Carrie-Ann Auger a parfois été considérée comme trop petite par certains. Pourtant, celle qui a été la meneuse des Diablos du Cégep de Trois-Rivières dans les dernières années s'apprête à quitter le pays pour représenter la délégation Canada-Québec en basketball, aux Jeux de la Francophonie.

Direction Côte d'Ivoire pour Carrie-Ann Auger

Nommée à titre de remplaçante sur l'équipe Canada-Québec aux Jeux de la Francophonie, Carrie-Ann Auger savait qu'elle aurait besoin de la chance afin de s'envoler vers la Côte d'Ivoire. Ce coup de pouce est venu ce week-end, lorsqu'on lui a annoncé qu'elle avait obtenu son billet pour la prestigieuse compétition.
Il y a deux semaines, la petite meneuse des Diablos s'était envolée pour l'Argentine avec l'équipe franco-canadienne pour un camp d'entraînement. On lui avait toutefois expliqué qu'à moins d'une blessure à une autre joueuse, elle ne pourrait pas être de la compétition. Ce n'est finalement pas une blessure qui lui a ouvert la porte, mais plutôt le fait que la meilleure joueuse de l'équipe, Jennifer Mathurin, s'est désistée après avoir signé un contrat professionnel au Luxembourg.
«Samedi, je suis allé faire une pratique. C'est là qu'on me l'a annoncé. Dans le fond... je pars demain (mardi). Je n'étais vraiment pas préparée à ça», lance la Trifluvienne, qui était satisfaite de la façon dont s'était déroulé son camp en Argentine, où elle a même affronté une équipe de garçons.
Auger sera ainsi la seule joueuse à n'avoir jamais mis le pied sur le parquet d'un programme universitaire à enfiler le chandail de l'équipe Canada-Québec. Pas mauvais pour une athlète que l'on considérait trop petite et qui avait été retranchée d'Équipe Québec plus tôt dans sa carrière. L'entraîneur-chef Guillaume Giroux n'a pas hésité à faire appel à celle qui évoluera sous ses ordres l'an prochain avec le Rouge et Or de l'Université Laval.

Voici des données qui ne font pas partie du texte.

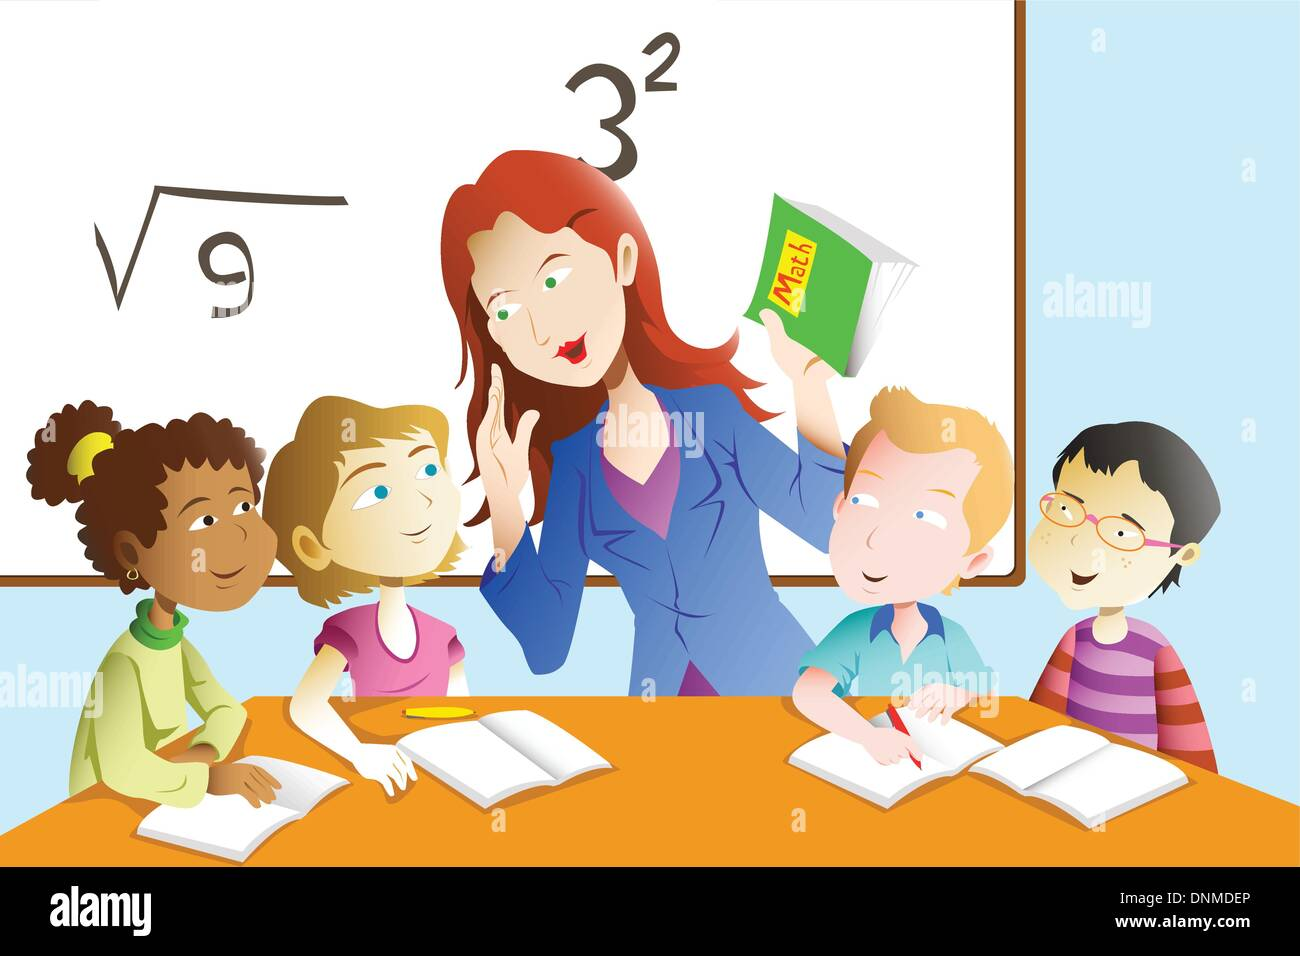 Una illustrazione vettoriale di ragazzi che studiano matematica in aula con docente Immagini Stock

«On est déçus de perdre l'autre joueuse, mais on est très contents d'avoir Carrie-Ann, surtout lorsque c'est le coach de Laval qui parle! Elle va avoir la chance de jouer et obtenir de bonnes minutes. C'est une fille anxieuse, mais on apprend à la connaître. On lui dit qu'elle est ici pour une raison. En Argentine, plus ça allait, plus elle prenait de la confiance. Quand elle voit qu'elle est en mesure de compétitionner, qu'elle ne se met pas de pression et qu'elle s'amuse, elle est de niveau. Les autres filles l'ont rapidement constaté.»
Après avoir été prévenue à la dernière seconde de la sorte, Auger mettait la main à la pâte afin de compléter ses derniers préparatifs avant de s'envoler pour l'Afrique.
«Ça me donne la chance de me préparer pour ce qui s'en vient (cet automne). Le jeu est complètement différent, le tempo aussi. Les joueuses sont toutes bonnes. Ça me donne de la compétition et à date, ça va bien. L'adaptation n'est pas toujours facile, mais ça va de mieux en mieux. Je suis contente de pouvoir prendre part à une telle expérience. C'est une surprise, parce que je ne m'attendais jamais à ça. J'en profite, mais je ne sais pas comment ça va se dérouler. Mon but, c'est d'aller là-bas et d'avoir du plaisir.»
Le tournoi des Jeux de la Francophonie s'amorcera ce samedi, à Abidjan, alors que le Canada se retrouvera avec la Roumanie, la Tunisie et le Cameroun dans son groupe. Giroux espère que son équipe sera en mesure de se signaler lors de cette compétition où le basketball féminin obtient toute l'attention, puisqu'on n'y retrouve pas le penchant masculin.
«Avec les blessures, on s'en va là un peu plus fragile, mais on a quand même des chances de bien faire. Dans un tel tournoi, c'est difficile pour nous de savoir si c'est réaliste parce qu'on ne connaît pas les groupes. La meilleure position du pays est la quatrième place. Je pense qu'on a mis sur pied une équipe qui est très compétitive.»